Unfortunately, most of the answers given in this post digressed from the original question and got entangled in answering another; i.e. whether the electromagnetic waves suffer losses during their travel through vacuum? I believe Maxwell's equations in complex medium has answer to this question too. Believe me, its not so complex.
I would also like to comment on some of your responses to my answers, point wise:
1). Photons do get trapped by massive bodies. Bending of light towards celestial bodies like black-holes is well known.
2) I never disagreed or talked about losses in my preceding answers. Vacuum impedance (intrinsic impedance of around 377ohms) is not a metric of losses in any medium. In fact,unlike the intrinsic impedance of vacuum, a medium needs to have a complex impedance to make itself lossy.
3) It is not so complicated to explain the conservation of energy-momentum either. You just need to see it from the perspective of electromagnetic engineers.
I sincerely hope that we being part of the common scientific community will try to make our answers as simple as their questions. Let us also hope that we shall put our egos in trash cans before we authoritatively put forth our answers. I humbly look forward to your experienced association in dealing with the mysteries of our world.
Hope this addresses your concerns,
With Best Regards,
Pragnan Chakravorty
Dear Gavaskar Muppavaram
I first i would like to explain how a wave travels in a medium. we know that a wave is a disturbance and it has certain energy associated, so when this wave enters a medius it basically sets the particles of the medium to vibrate this vibration is passed from one particle to other thus the wave is transferred in a medium.

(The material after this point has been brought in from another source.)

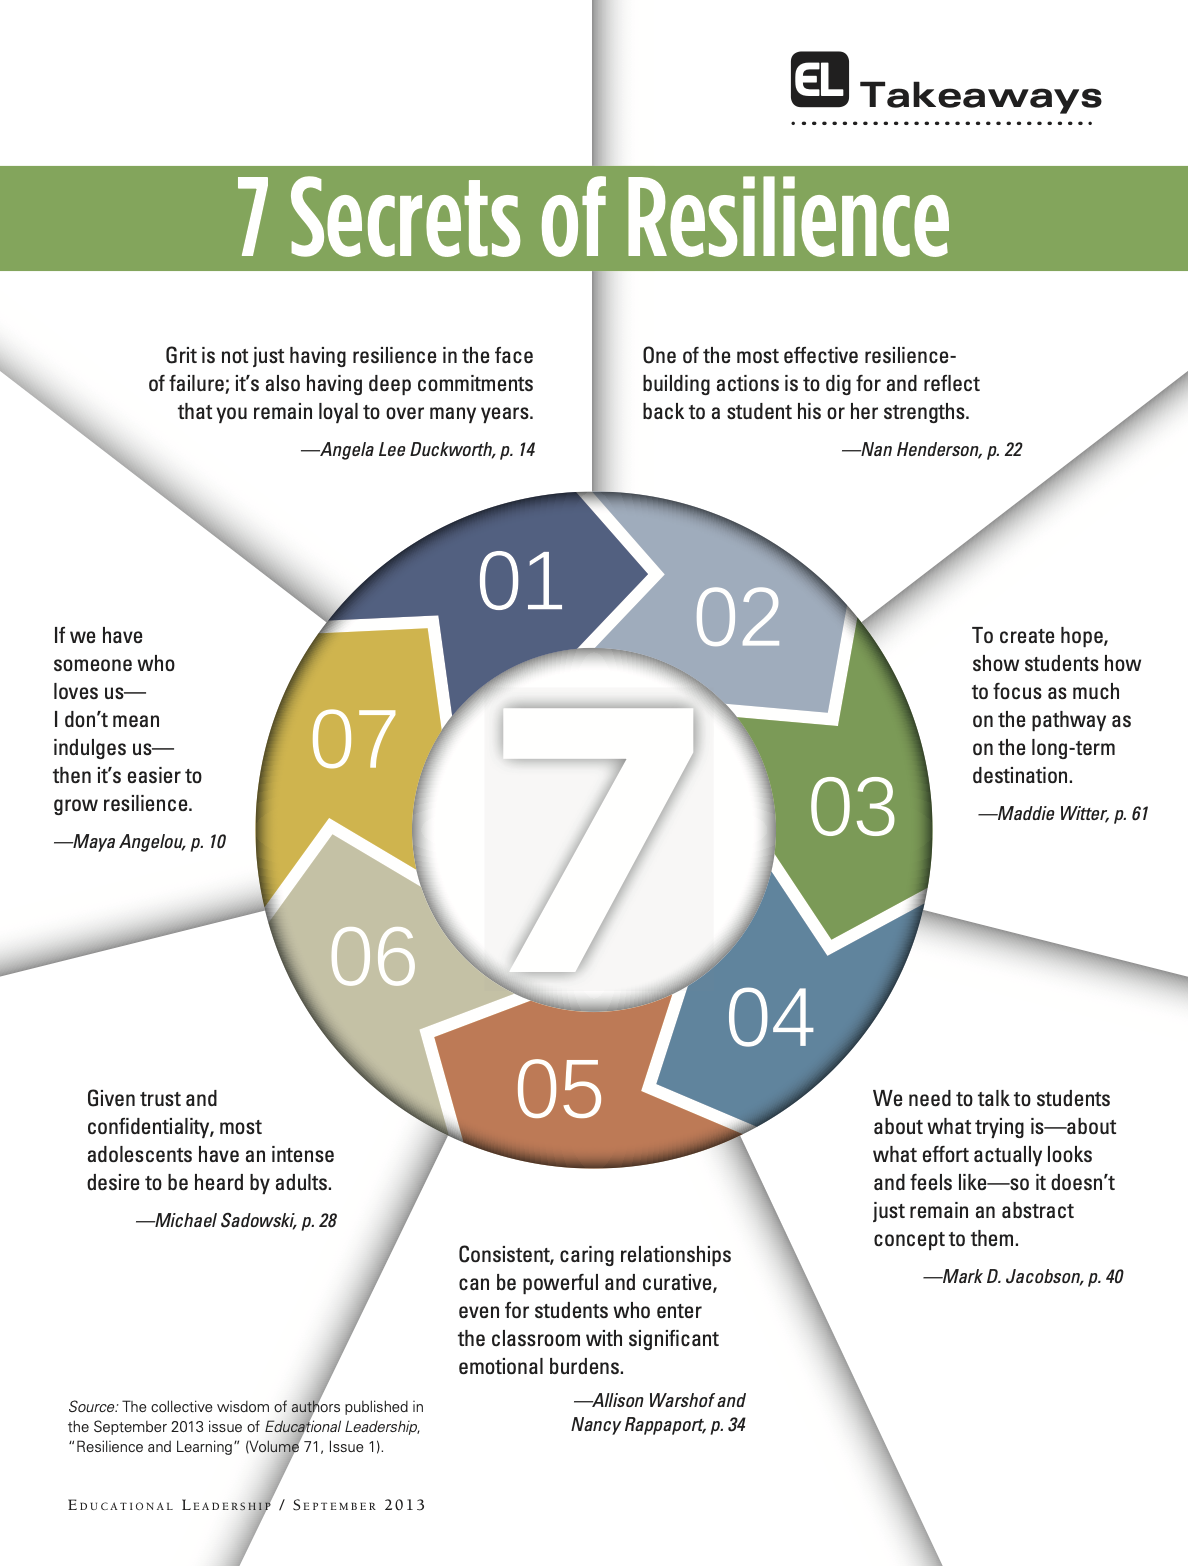 7 Secrets of Resilience

Now in care of a an Electromagnetic wave in a free-space/vacuum, as we know from the Maxwell's equations that a changing magnetic field produces an electric field and vice versa. EM wave requires no medium as electric fields and magnetic fields constantly generate each other as the wave propagates.
With regards
Dhanu Chettri
Dear Gavaskar Muppavaram,
the answer given by Mr. Dhanu Chettri is quite clear and convincing. In pursuing your studies, you will come across more sophisticated explanations, as those involving potentials, or photons. As you are studying engineering, I just wish to point out to you that theoretical explanations are purely logical accounts (models). You should be aware that the vacuum you are speaking of in the context of electromagnetism is not a physical thing, i.e. not something you can obtain once you have completely removed the air from your room.
Electromagnetive waves do not need a material medium to propagate. Generally, electromagnetic and gravitationnal interactions do need material medium too. In electrostatics, for example, Coulomb's law establishes the possibility of action at a distance without contacting material. The universal law of attraction of Newton also. In this case, this explains the movement of planets in the universe that is essentially made of vacuum. Further, at the atomic level, the matter is lacunar; it is made mostly of vacuum. This does not prevent the electromagnetic interaction to maintain the electrons in orbit around the nucleus.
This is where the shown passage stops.